Writer Elton Townend Jones was first captivated by Marilyn at the age of twelve, twenty years after her death.  In this production he imagines that she is able to reflect on her life in that last hour before she slipped away.  Working from as many sources as he can, Jones conjures up the shade of the ‘real Marilyn’, “a talented artist, a brilliant comedian, a frustrated intellectual, an attractive, loving woman afflicted with physical and mental conditions that cursed her working and emotional life.”

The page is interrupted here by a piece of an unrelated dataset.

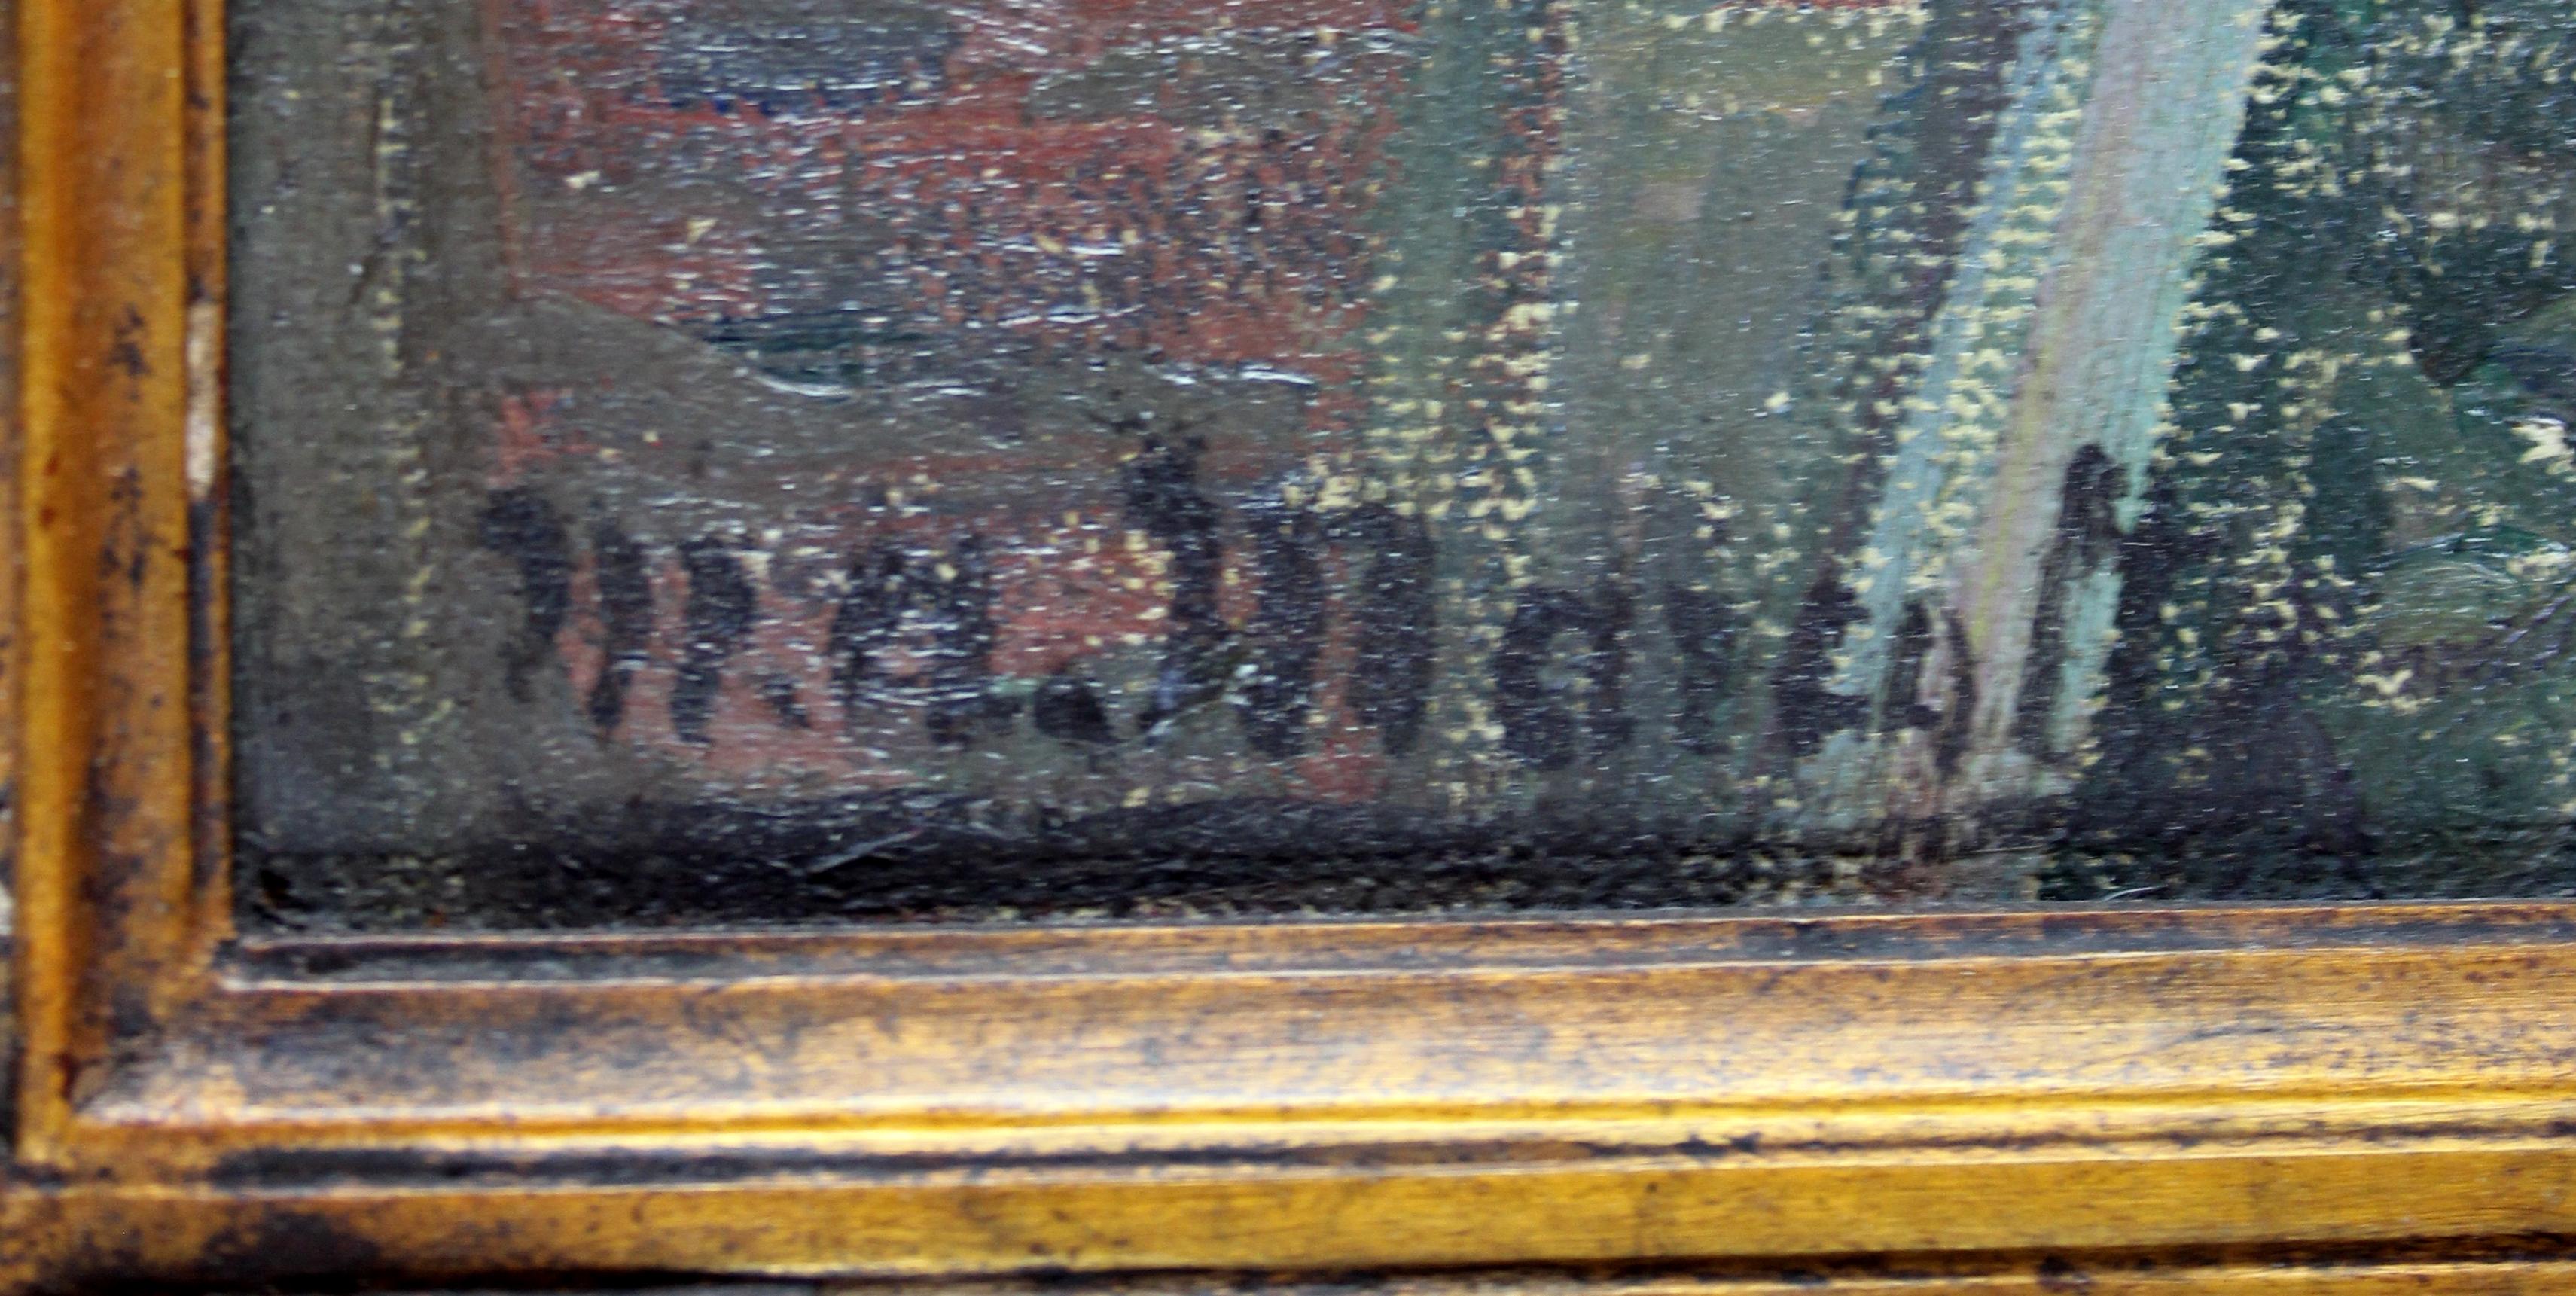 Fichier:Marcotte Marie Antoinette - Signature 1.jpg — Wikipédia

Lizzie Wort’s performance in this one-woman show brings to life Marilyn’s vulnerability, her sensuality and her own confusion and indignation in her final hour on earth at how she has been so misunderstood. She knows that her same has become synonymous with prurient gossip; as she puts it, ‘It was scandal that brought you here in the first place’. She confides in the audience telling us all about the high points and the low points of her relationships with Bobby and Jack Kennedy, her turbulent marriages to Arthur Miller and Joe Demagio; her miscarriages, her times on the sets of her best known movies – good and bad – and how she was abused by a family friend as an eight-year-old.

There are some memorable lines in this bittersweet script; my favourite is her observation that in Some Like it Hot she ‘played a blonde so dumb she mistook Tony Curtis for a chick’.  As she talks, she constantly swallows pills, and intersperses her bright observations with moments of indecision and confusion. Marilyn’s love of life and attractiveness comes through clearly in this spellbinding performance and tight script, but we know it isn’t going to end well. This strong performance makes you care so much that you want to shout out, tell her to throw the pills away, and go to the beach. Sadly, she didn’t.